This story excerpt was translated from Spanish. To read the original story in full, visit 360-Grados. You may also view the original story on the Rainforest Journalism Fund website. Our website is available in English, Spanish, bahasa Indonesia, French, and Portuguese.
Some chain stores in Colombia sell meat products that advertise the stores' environmental commitment. But because there are no independent traceability and monitoring systems to assure the consumer that the product with an environmental seal does not affect the forests, for now the labels are more marketing than reality.
The marketing of meat
In a strategic corner of the Carulla supermarket in Bogotá's financial district, a butcher in a white coat picks up a tray of ground beef bearing the "sustainable livestock" seal. On the packaging are phrases such as "animal welfare" and "community support."

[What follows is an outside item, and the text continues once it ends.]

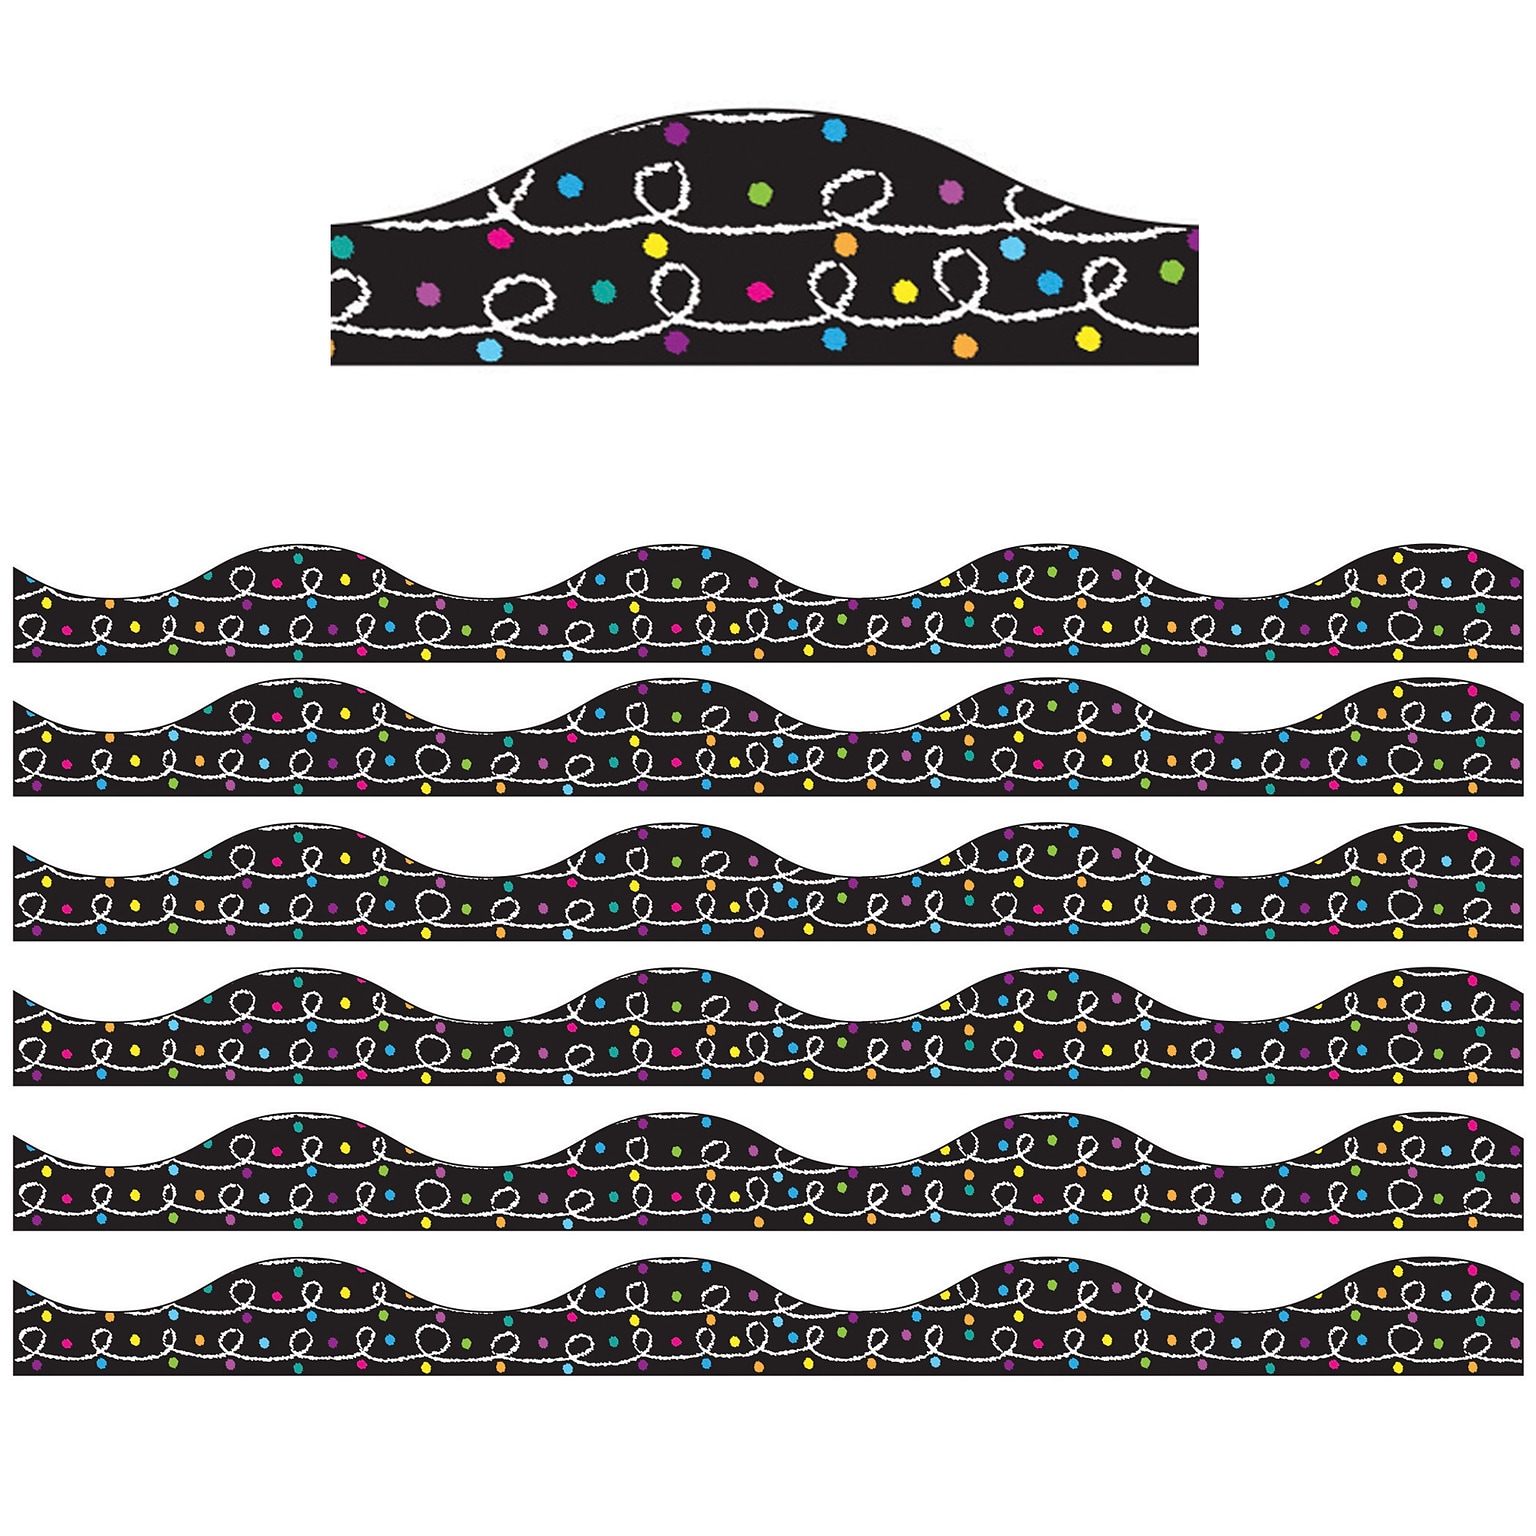 Ashley Productions Magnetic Scalloped Border, 1 x 72, White Chalk Loops with Color Chalk Dots on Black (ASH11430-6)

The meat is one of the most elaborate items in this supermarket chain. Behind the display cases, carefully organized, several posters advertise Carulla's commitment to the environment. Its meats, says one, "come from farms committed to forest conservation."
This marketing campaign is aimed at buyers who don't hesitate to pay several pesos extra for cuts that are supposed to be environmentally friendly. "'Sustainable livestock' means that it takes care of the environment," the salesman explains about the labels. He adds that the supermarket's premium meat comes from areas where "they don't do illegal logging." And although it has nothing to do with environmental preservation, as a bonus, he says, it has "12 days of guaranteed maturation."